Fuller was awarded a gold record and a platinum video award for the 1985 "Super Bowl Shuffle", for which he was the sixth of the ten solo singers. In 2010, during Super Bowl XLIV, Fuller joined other members of the 1985 Chicago Bears in recreating the Super Bowl Shuffle in a Boost Mobile commercial.

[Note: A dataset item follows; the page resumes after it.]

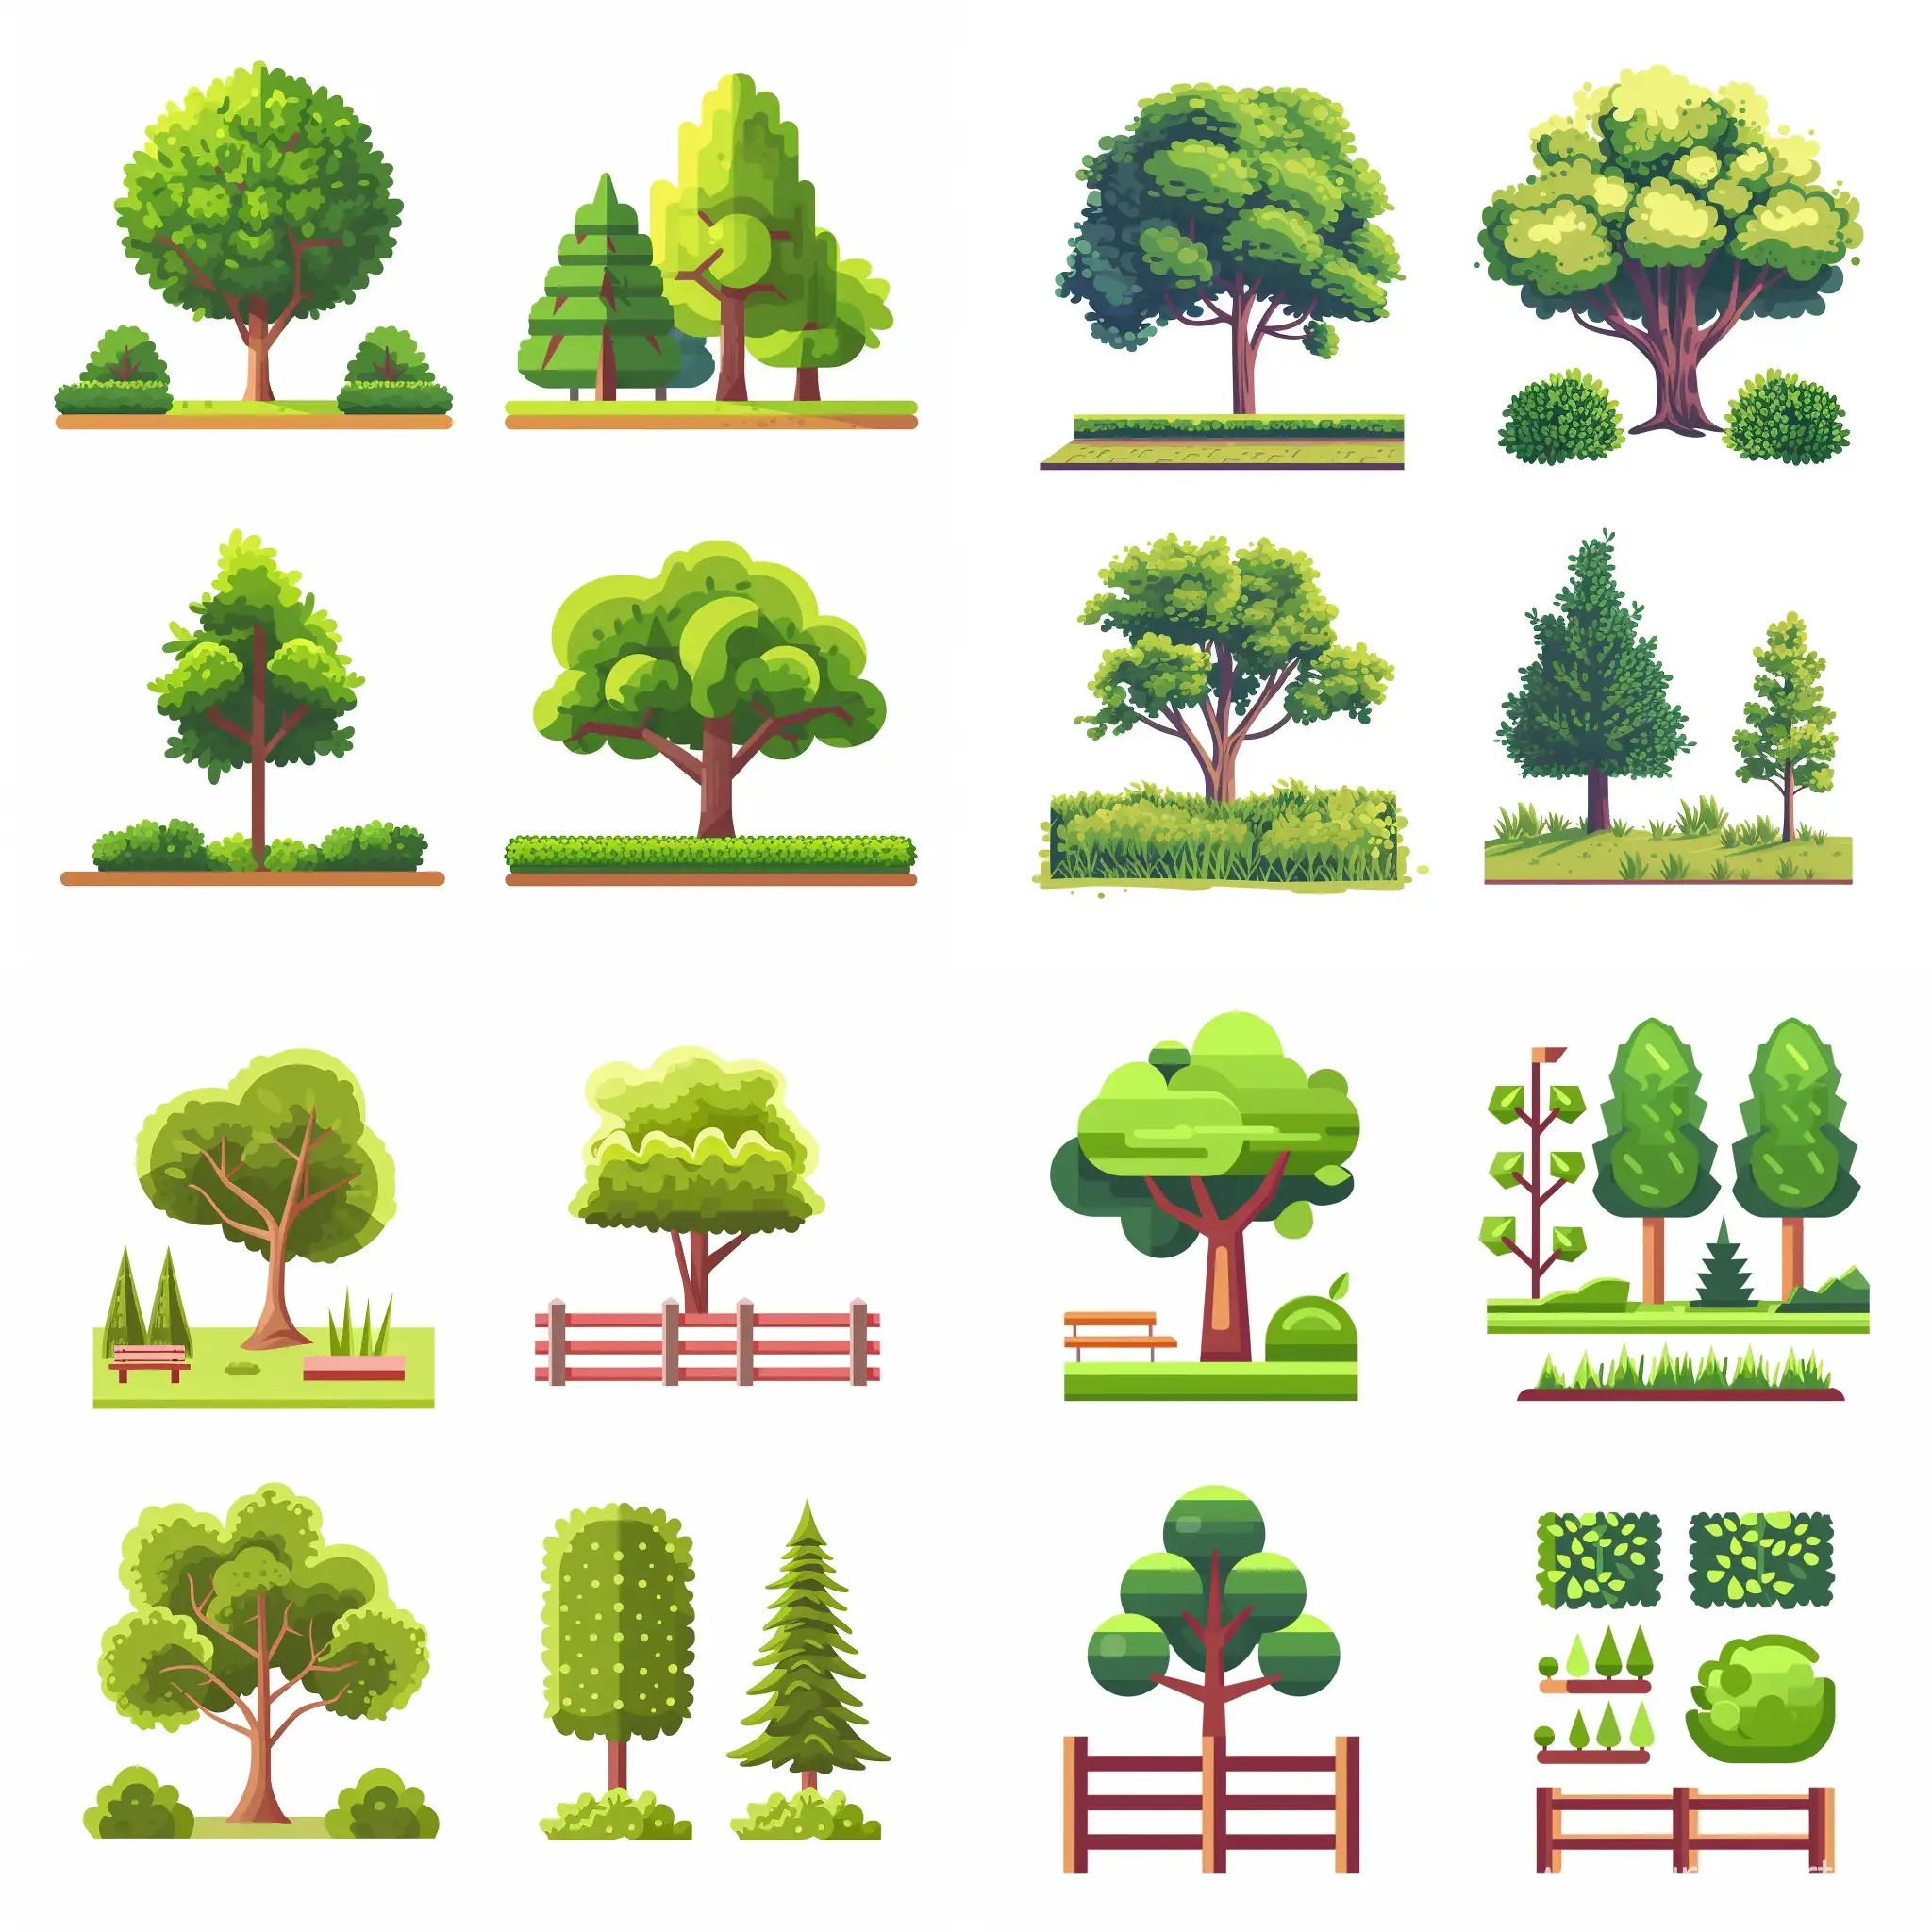 Сделай 4 иконки в одном стиле на белом фоне: На 1 иконке - парки и скверы; на 2 - границы растительности; на 3 - деревья; на 4 - кустарники

Fuller was named by Sports Illustrated as one of the top fifteen backup quarterbacks of all time, based on his 1985 season with the Chicago Bears.

==Career statistics==

===NFL===

Legend
|  | Won the Super Bowl |
|  | Led the league |
| Bold | Career high |

====Regular season====

Year: Team; Games; Passing; Rushing; Sacks
GP: GS; Record; Cmp; Att; Pct; Yds; Y/A; Lng; TD; Int; Rtg; Att; Yds; Avg; Lng; TD; Sck; Yds
1979: KAN; 16; 12; 6–6; 146; 270; 54.1; 1,484; 5.5; 40; 6; 14; 55.8; 50; 264; 5.3; 49; 1; 37; 244
1980: KAN; 14; 13; 6–7; 193; 320; 60.3; 2,250; 7.0; 77; 10; 12; 76.4; 60; 274; 4.6; 38; 4; 49; 348
1981: KAN; 13; 3; 1–2; 77; 134; 57.5; 934; 7.0; 53; 3; 4; 74.0; 19; 118; 6.2; 27; 0; 17; 117
1982: KAN; 9; 3; 0–3; 49; 93; 52.7; 665; 7.2; 51; 3; 2; 77.6; 10; 56; 5.6; 12; 0; 17; 143
1984: CHI; 6; 4; 2–2; 53; 78; 67.9; 595; 7.6; 31; 3; 0; 103.3; 15; 89; 5.9; 26; 1; 7; 41
1985: CHI; 16; 5; 4–1; 53; 107; 49.5; 777; 7.3; 69; 1; 5; 57.3; 24; 77; 3.2; 13; 5; 17; 102
1986: CHI; 16; 2; 0–2; 34; 64; 53.1; 451; 7.0; 50; 2; 4; 60.1; 8; 30; 3.8; 10; 0; 8; 53
Career: 90; 42; 19–23; 605; 1,066; 56.8; 7,156; 6.7; 77; 28; 41; 70.1; 186; 908; 4.9; 49; 11; 152; 1,048

====Playoffs====

Year: Team; Games; Passing; Rushing; Sacks
GP: GS; Record; Cmp; Att; Pct; Yds; Y/A; Lng; TD; Int; Rtg; Att; Yds; Avg; Lng; TD; Sck; Yds
1984: CHI; 2; 2; 1–1; 22; 37; 59.5; 298; 8.1; 75; 2; 1; 91.9; 8; 44; 5.5; 23; 0; 13; 84
1985: CHI; 3; 0; 0–0; 0; 4; 0.0; 0; 0.0; 0; 0; 0; 39.6; 1; 1; 1.0; 1; 0; 1; 11
1986: CHI; 1; 0; 0–0; 0; 0; 0.0; 0; 0.0; 0; 0; 0; 0.0; 0; 0; 0.0; 0; 0; 0; 0
Career: 6; 2; 1–1; 22; 41; 53.7; 298; 7.3; 75; 2; 1; 83.2; 9; 45; 5.0; 23; 0; 14; 95

===College===

Legend
|  | Led the ACC |
| Bold | Career high |

| Season | Team | GP | Passing |  |  |  |  |  |  |  | Rushing |  |  |  |
| Cmp | Att | Pct | Yds | TD | Int | Rtg | Att | Yds | Avg | TD |
| 1975 | Clemson | 11 | 22 | 46 | 47.8 | 354 | 2 | 3 | 113.8 | 47 | 148 | 3.1 | 0 |
| 1976 | Clemson | 11 | 58 | 116 | 50.0 | 835 | 5 | 6 | 114.3 | 157 | 503 | 3.2 | 6 |
| 1977 | Clemson | 11 | 96 | 182 | 52.7 | 1,497 | 8 | 4 | 131.9 | 165 | 403 | 2.4 | 6 |
| 1978 | Clemson | 12 | 101 | 187 | 54.0 | 1,515 | 7 | 4 | 130.1 | 153 | 649 | 4.2 | 10 |
| Career |  | 45 | 277 | 531 | 52.2 | 4,201 | 22 | 17 | 125.9 | 522 | 1,703 | 3.3 | 22 |

==Personal life==
Fuller and his wife, Anna, have two children. The couple live in South Carolina where Fuller was a high school football coach at Hilton Head Prep School. Fuller currently works as offensive coordinator for the Hilton Head Prep School Varsity football team.